To determine the percentage of BrdU-labeled astrocytes as part of the whole BrdU cell population, random sampling was done in six hippocampal sections per animal. In each section, two randomly selected parts of the dentate gyrus were sampled throughout the granular cell layer, the subgranular zone and the hilus, and the ratio of BrdU/GFAP double-positive over the number of BrdU-single positive cells was expressed as a percentage. Dentate gyrus granular cell layer volume measurements were performed by using the Cavalieri estimator in every 10th section in a total of 9 sections per animal.
Statistics
Data are presented as mean+SEM. All statistics were performed by SPSS16 for Mac. Immunohistochemical data were initially compared using a two-factor ANOVA to study the main effect of sex and treatment. In case of a significant interaction between sex and treatment, a one-way ANOVA over the four treatment groups was performed, separately for male and female data. If the one-way ANOVA revealed significance, a pair wise comparison was performed with a post-hoc LSD test. Maternal care data was analyzed with a one-way ANOVA per day in case of individual licking and grooming; for arch-back nursing an ANOVA for repeated measures was used.
Results
Acute effects of 24 h MD on PND4
Body weights and corticosterone levels
Animals were not labeled to avoid any disturbance in the control groups. Therefore, individual bodyweight data are unavailable. However, from P3 to P4, both MD groups experienced on average a 4% weight-loss, as opposed to an average weight gain of 7% in the CONS group. The undisturbed groups were not weighed on PND4.
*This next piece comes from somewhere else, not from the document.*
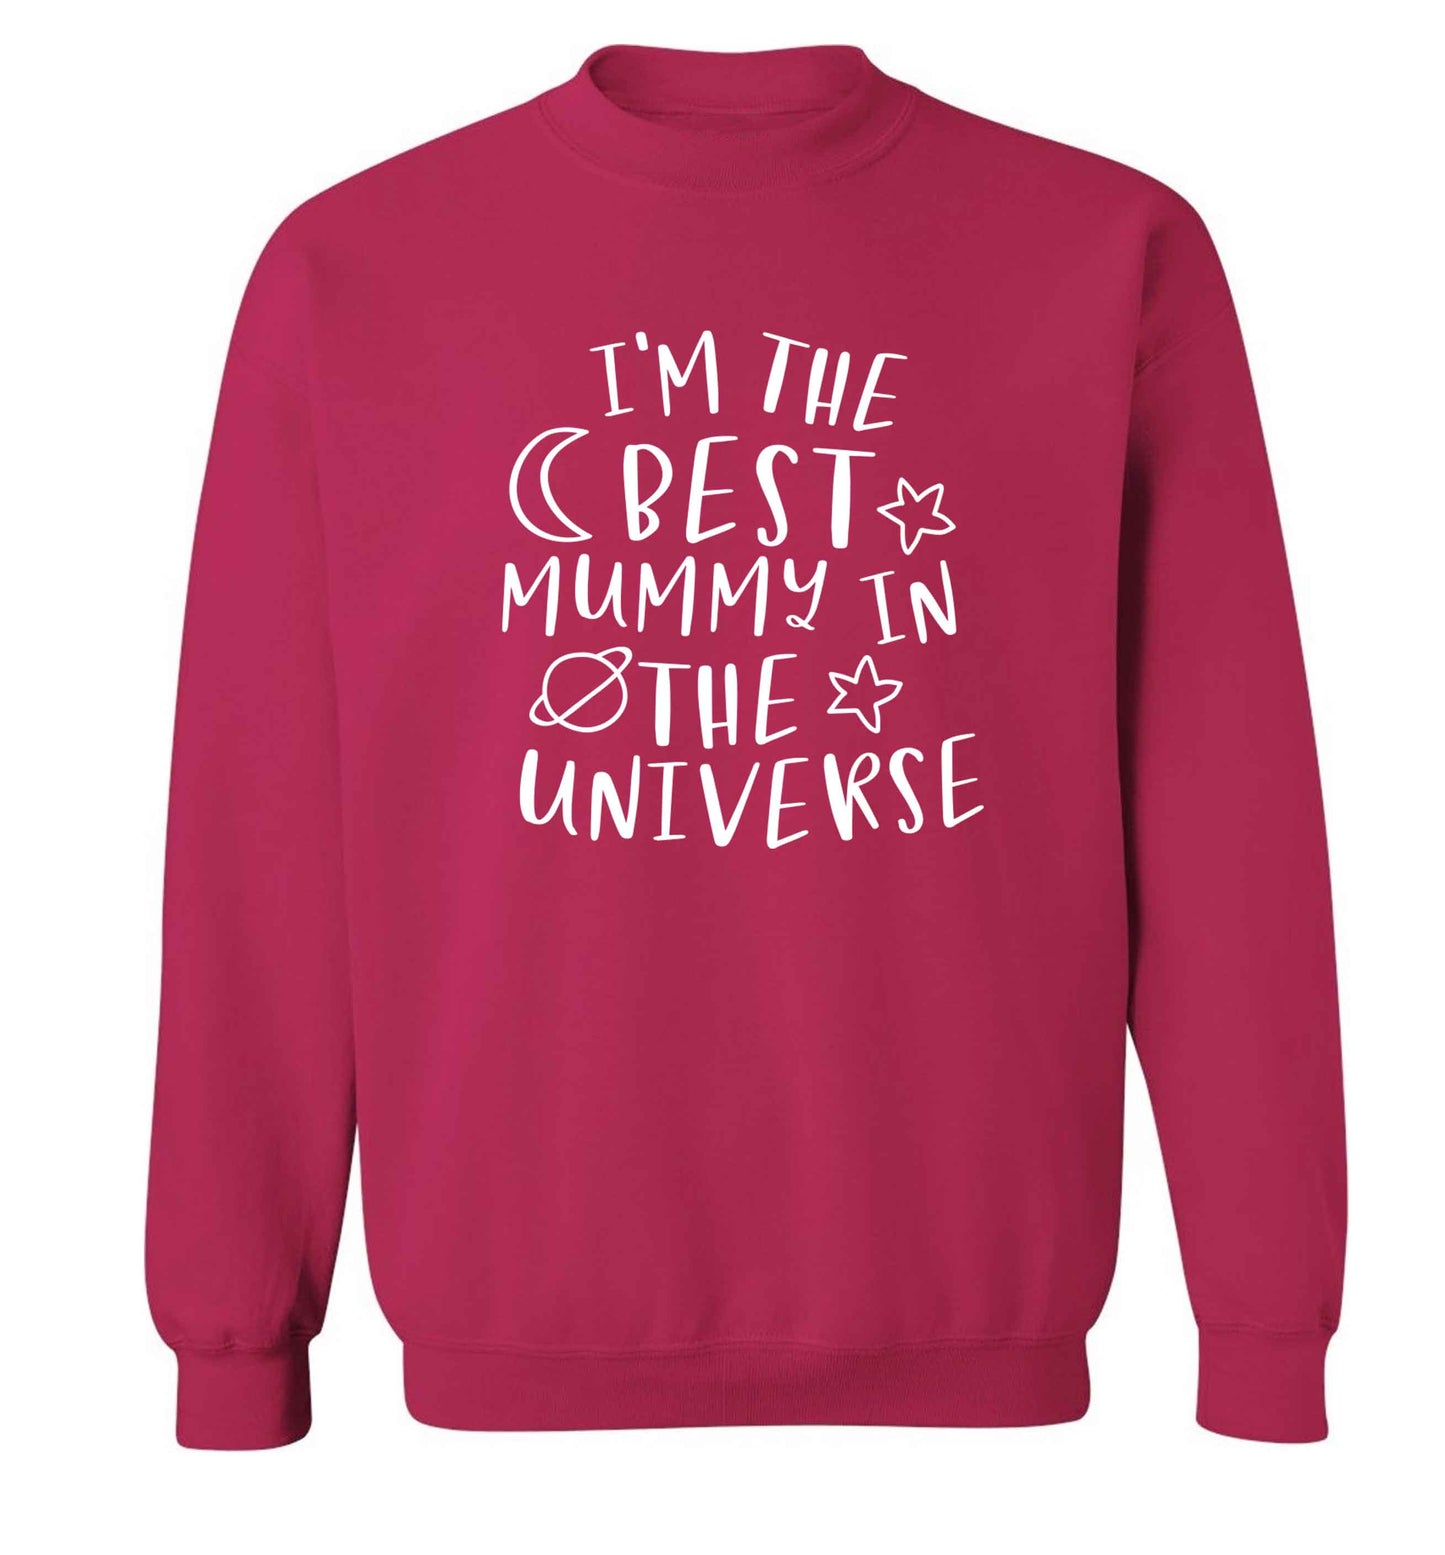 I'm the best mummy in the universe adult's unisex pink sweater 2XL

Maternally deprived pups in both MD-groups had significantly higher morning corticosterone levels when compared to controls (F(3,55) = 10.30; p<0.0001; post-hoc: CONU = CONS<MDS = MDG at least p<0.05; see figure 1). As there were no differences between the sexes in corticosterone level at this age, data were pooled for males and females.
Overall, MD had appreciable immediate effects on body weight and corticosterone level. Importantly though, the sham-injected control pups responded in a comparable manner as the pups that were left undisturbed. Moreover, repeated administration of glucose during the 24 MD period did not ‘rescue’ the phenotype.
Dentate gyrus cell proliferation
In a subset of animals, dentate gyrus cell proliferation was measured immediately after 24 h MD, i.e. on PND4. For this experiment CONS males and females and MDS males and females were used. Despite the effect of MD on body weight and circulating corticosteroid levels, no acute effects of treatment were observed on dentate gyrus cell proliferation, as measured by total Ki-67+ cell population (F(3,21) = 1.13; p = 0.30), see figure 2. A two-factor ANOVA revealed no effect of sex on proliferation (F(2,21) = 0.04; p = 0.95) or an interaction between sex and treatment (F(3,21) = 2.45; p = 0,14).
Effects of early MD on structural parameters at PND21
Body weights
There was a significant difference in body weight between the 4 experimental groups at PND21 (F(3.91) = 50; p<0.0001). In the control undisturbed group (CONU), body weights were the lowest (mean+SE: 45+0.6). CONS animals were heavier (57+0.9), compared to all the other groups, and MDS and MDG animals had lower body weights than the CONS group but did not differ from each other (52+0.7 and 49+1.2 respectively). Post-hoc analysis revealed that CONS animals were significantly heavier than the MDS (p<0.05), as were the MDG compared to CONU rats. The two MD groups did not differ from each other.
Granular cell layer volume
The volume of the granular cell layer was not affected by MD with or without glucose administration, neither in males (F(3.28) = 0.41; p = 0.75) nor in females (F(3.28) = 0.54; p = 0.65) as shown in figure 3. A two-factor ANOVA revealed a significant effect of sex on granular cell layer volume (F(1.51) = 122.4; p<0.0001), female offspring showed a lower average granular cell layer volume than males. No significant interaction of treatment and sex was found (F(3.51) = 0.95; p = 0.42).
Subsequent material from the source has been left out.